Multiple reports suggest Sprint and Deutsche Telekom (DT) are near terms on a $32 billion deal for T-Mobile.
Both Bloomberg and the Wall Street Journal peg the price for T-Mobile at around $40 per share. The Bloomberg report said Sprint will offer DT 50 percent cash and 50 percent stock for part of its 67-percent stake in T-Mobile, leaving DT with a 15-percent interest in the U.S.’s fourth largest carrier.
The transaction could be announced by July, according to Bloomberg.
Reports of advancing talks between SoftBank-owned Sprint, DT and T-Mobile have persistently trickled out despite U.S. regulators’ clearly stated skepticism toward the potential merger.

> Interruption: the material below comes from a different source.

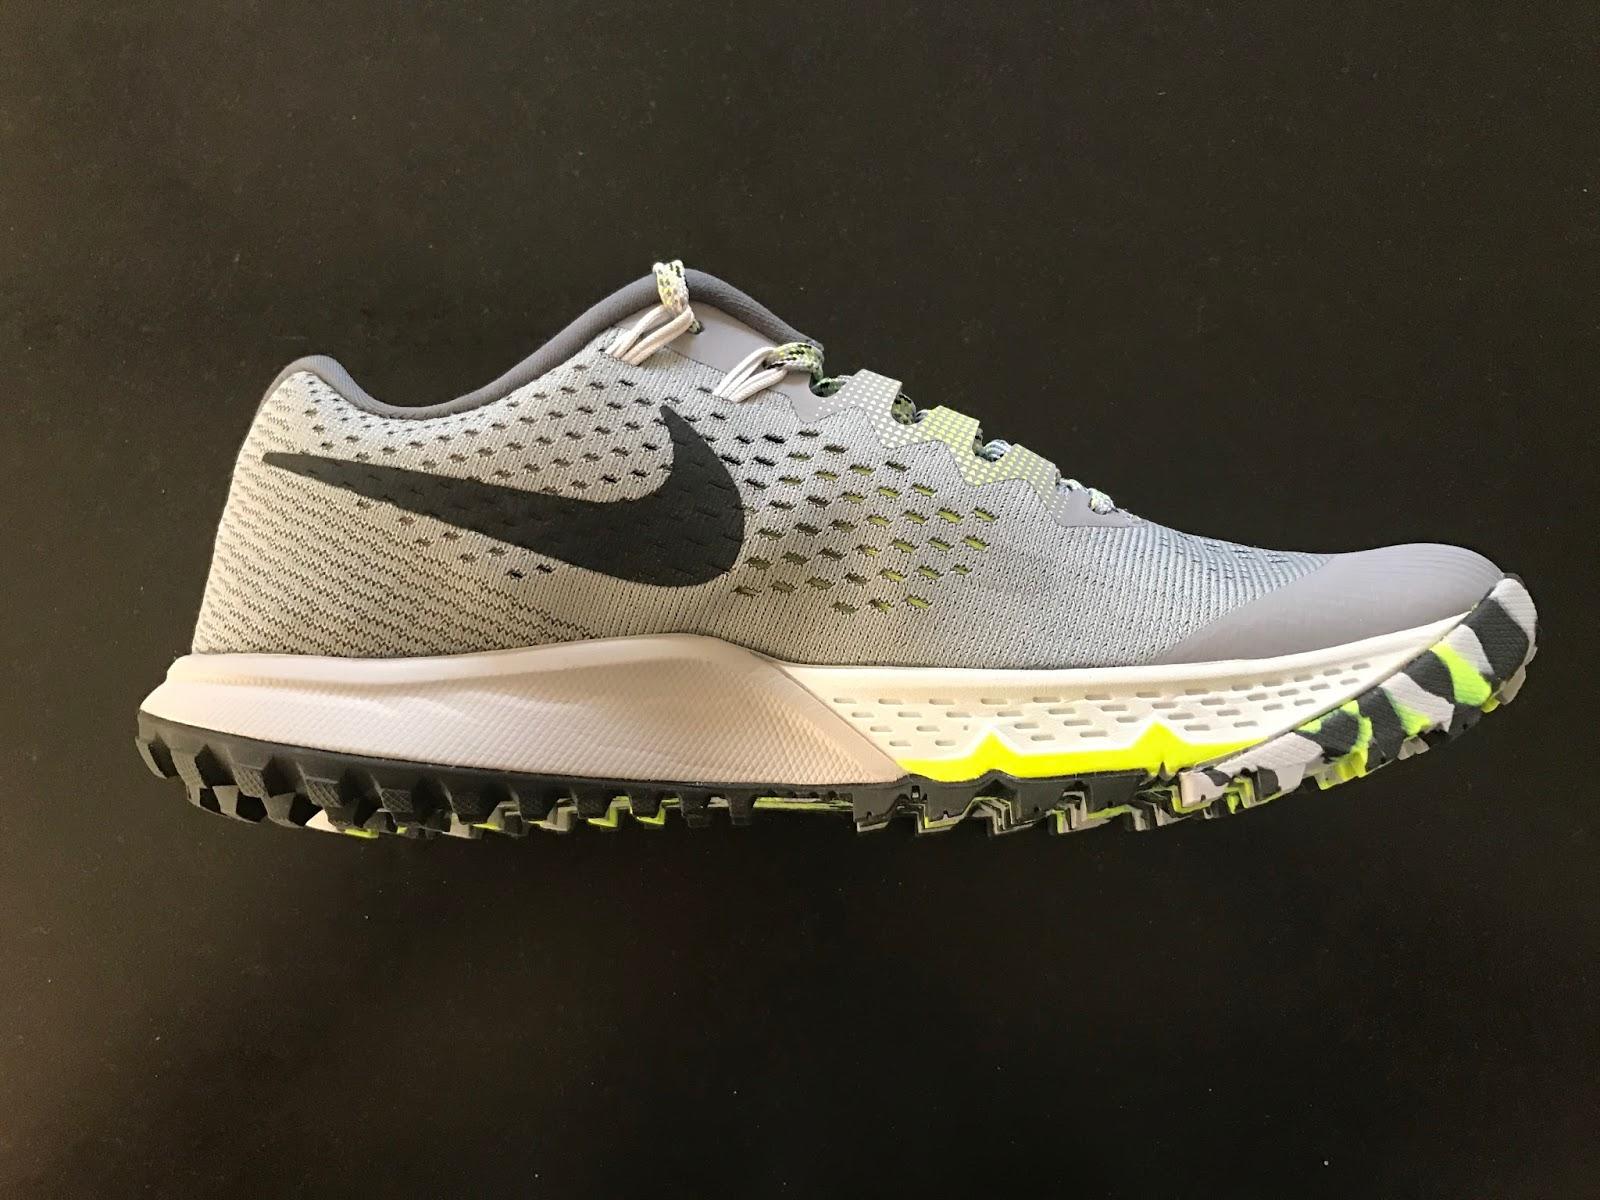 Road Trail Run Nike Air Zoom Terra Kiger 4 Review A Favorite

If the deal stumbles on regulatory hurdles put in place by the FCC and Justice Department, SoftBank will be stuck paying T-Mobile a breakup fee worth more than $1 billion in cash and other assets, according to the Journal.
T-Mobile took home a $4 billion breakup fee when regulators blocked AT&T’s $39 billion bid to buy the carrier in 2011.
Considering the financial stakes of the deal flopping and regulators’ precedent for protecting the four-carrier competitive field, SoftBank CEO/Sprint Chairman Masayoshi Son has been making a strongly worded PR push for U.S. wireless industry consolidation.
Last week, Son took the stage at the Code Conference to blast the current state of the U.S. wireless industry, admire T-Mobile and its boisterous CEO John Legere’s ability to disrupt, and again stress the need for scale to take on the AT&T-Verizon duopoly.